Historically a key crossroad on the ancient Silk Road, Mosul today is where the different strains of Iraq's insurgency come together: Veteran Afghan-era jihadis meet new recruits from places like Chechnya and Yemen, and hardcore Islamic militants meet Baath Party cadres.

Mosul was relatively stable until April and May of 2004, when former top Baath Party officials held a summit in the Syrian town of Al Hasaka. At that meeting, according to intelligence sources, the party reorganized itself, expelling anyone who had flirted with the US, international aid groups, or the Iraqi Governing Council. [...]

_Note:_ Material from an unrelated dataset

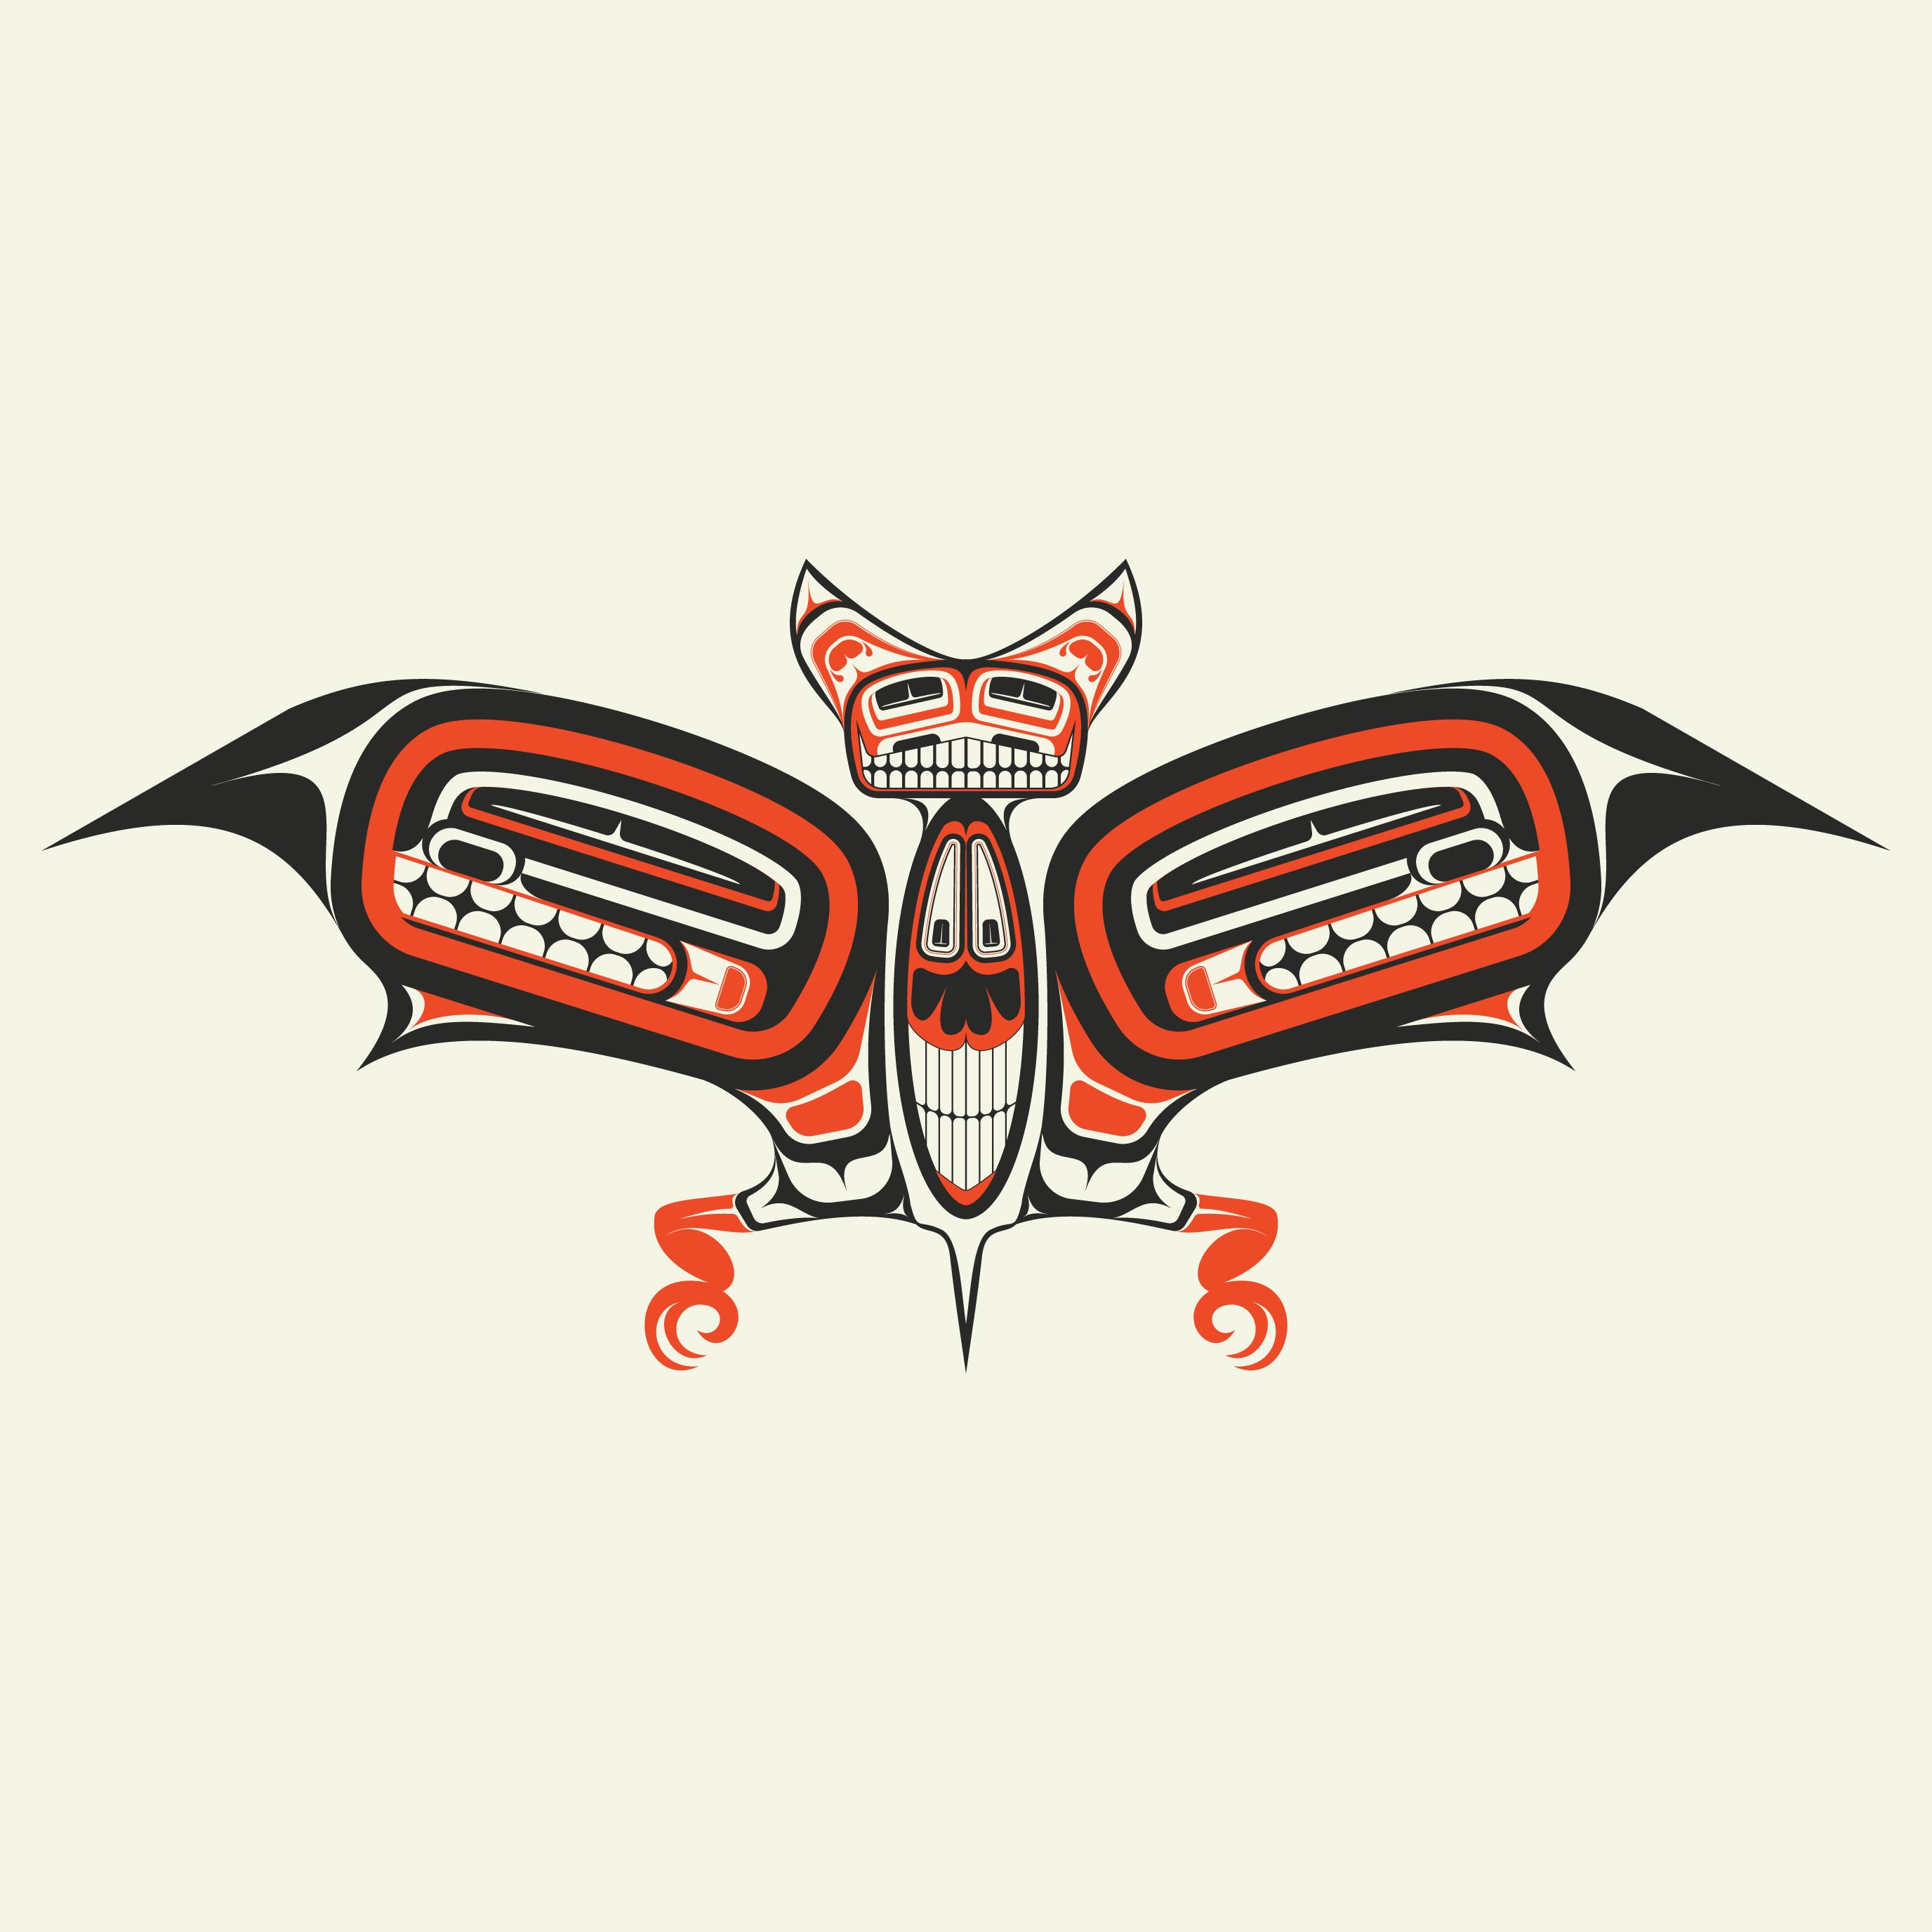 1986 Northwest Native Flicker Print Glen Rabena Signed

Mosul was the natural meeting place for the newly resurgent Baath Party. The former headquarters of the Iraqi Army Fifth Corps, it was still full of former solders and officers.

According to intelligence sources, the new leaders are Mohammed Younis al-Ahmad, a former top aide to Hussein, and Ibrahim Sabawi, Hussein's half-brother and former security director. The US is offering a $1 million reward for information leading to Mr. Al-Ahmad.

Because Mosul was taken over without any fighting in the original US invasion in 2003, the Baath Party structure was preserved intact. After the war, insurgents were able to meld with the old Baath institutions. "The insurgents are using the infrastructure of the old Iraqi army," says Mr. Pire. "They used the forests for training and hiding themselves, on both sides of the Tigris.... They have a good base of support inside Mosul."